The last line of this function puts the person ("p") onto the channel ("ch").

For more information on writing to a channel, see the previous article.

In the main function of the application, we have a "for" loop that calls this function multiple times, and we have a "for" loop that reads from the channel and displays the data.

Go
    ch := make(chan person, 10)

    // put values onto a channel
    for _, id := range ids {
      go fetchPersonToChannel(id, ch)
    }

    // read values from the channel
    for p := range ch {
      fmt.Printf("%d: %v\n", p.ID, p)
    }

The first "for" loop iterates through the "ids" collection can calls the "fetchPersonToChannel" function. Notice that this is a goroutine (using the "go" keyword), which means that the loop continues without waiting for each call to "fetchPersonToChannel" to complete. This creates multiple concurrent operations.

The second "for" loop reads values from the channel until the channel is closed. It takes the value from the channel and outputs it to the console.

For more information on reading from a channel, see the previous article.

But there's a problem...
The channel is not closed anywhere in the code. As a reminder, when we read from an empty, open channel, the operation blocks until there is an item to read.

Since the channel is never closed, the second "for" loop will block indefinitely.

Can we just close the channel?
Since the channel needs to be closed, can we just close it?

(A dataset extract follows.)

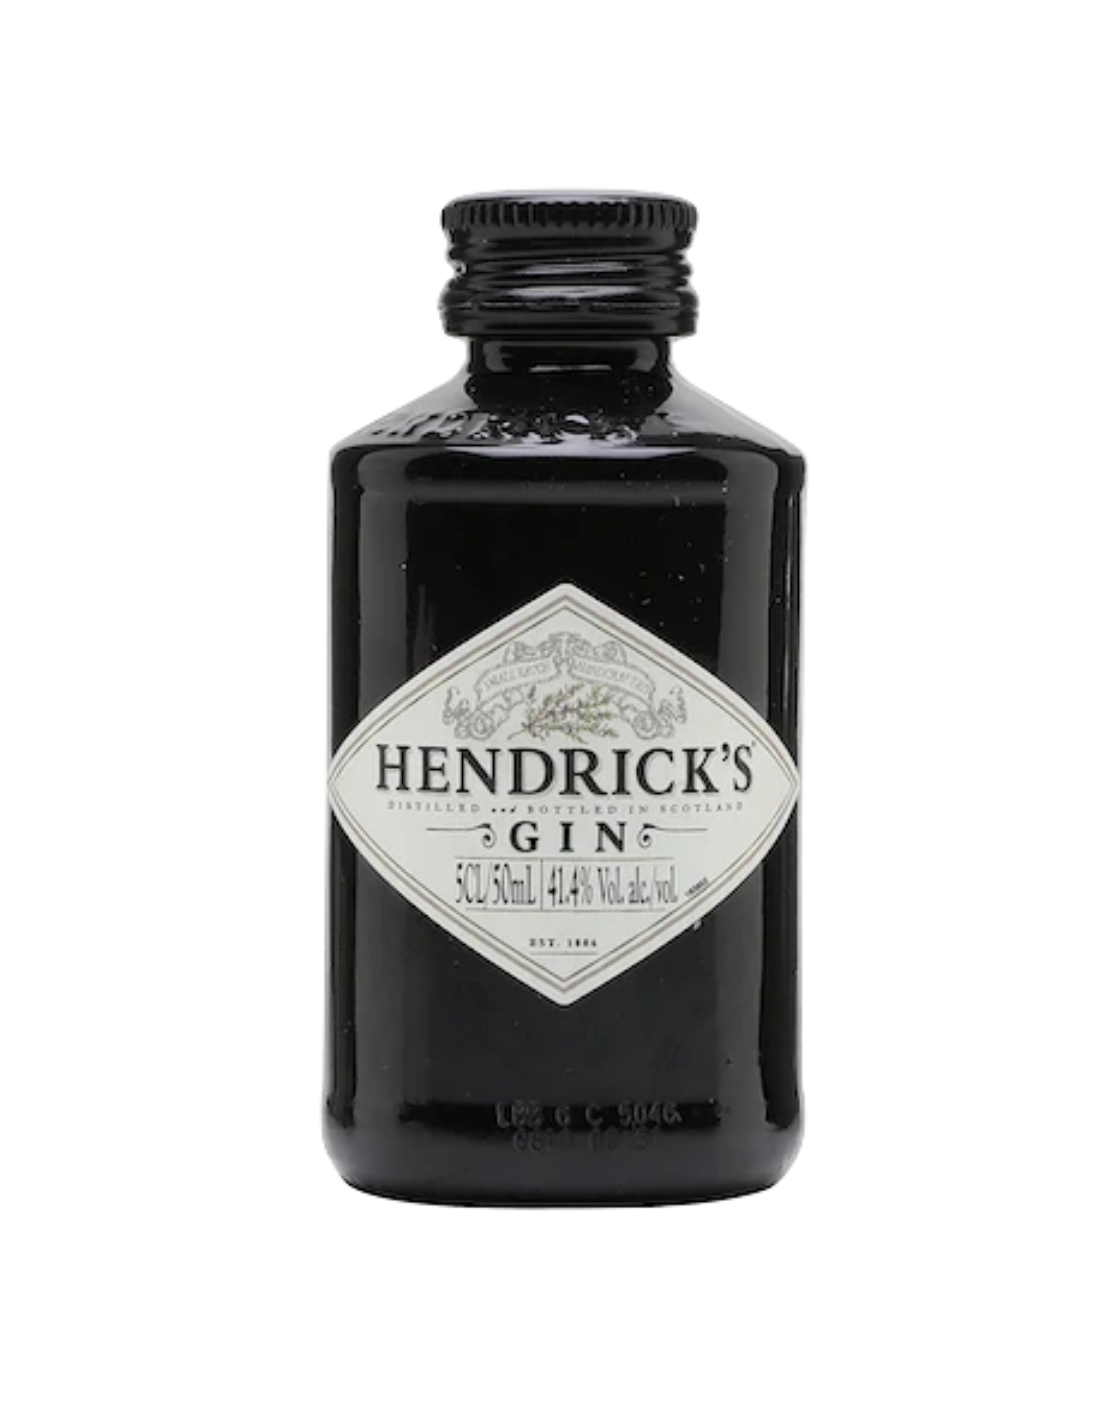 Gin Hendrick’s, 41.4% alc., 0.05L, Scotia alcooldiscount.ro

Let's consider the following code:

Go
    ch := make(chan person, 10)

    // put values onto a channel
    for _, id := range ids {
      go fetchPersonToChannel(id, ch)
    }

    close(ch)

    // read values from the channel
    for p := range ch {
      fmt.Printf("%d: %v\n", p.ID, p)
    }

This is the same as above except we have a "close(ch)" after the first "for" loop. Unfortunately, this code will not work as expected.

Since the goroutines (i.e., the concurrent calls to "fetchPersonToChannel") take a little bit of time to complete, the channel will be closed before the goroutines finish. The result is that the "fetchPersonToChannel" function will try to write to a closed channel. And this will cause a panic (similar to an unhandled runtime exception in C#).

We need to wait for the goroutines to finish before we close the channel. And that's where "WaitGroup" comes in.

WaitGroup

"WaitGroup" is a type in the "sync" package. It has limited functionality (just 3 methods), but it will help us solve our issue.

WaitGroup Members
  • Add(int) -- Increments the counter based on the parameter (generally "1").
  • Done() -- Decrements the counter by one.
  • Wait() -- Blocks until the counter is 0.
Let's put these into action.

WaitGroup.Add() & WaitGroup.Wait()

Here's an update to the block of code with the 2 "for" loops:

Go
    ch := make(chan person, 10)
    var wg sync.WaitGroup

    // put values onto a channel
    for _, id := range ids {
      wg.Add(1)
      go fetchPersonToChannel(id, ch, &wg)
    }

    wg.Wait()
    close(ch)

    // read values from the channel
    for p := range ch {
      fmt.Printf("%d: %v\n", p.ID, p)
    }

The second line declares a "WaitGroup" variable named "wg".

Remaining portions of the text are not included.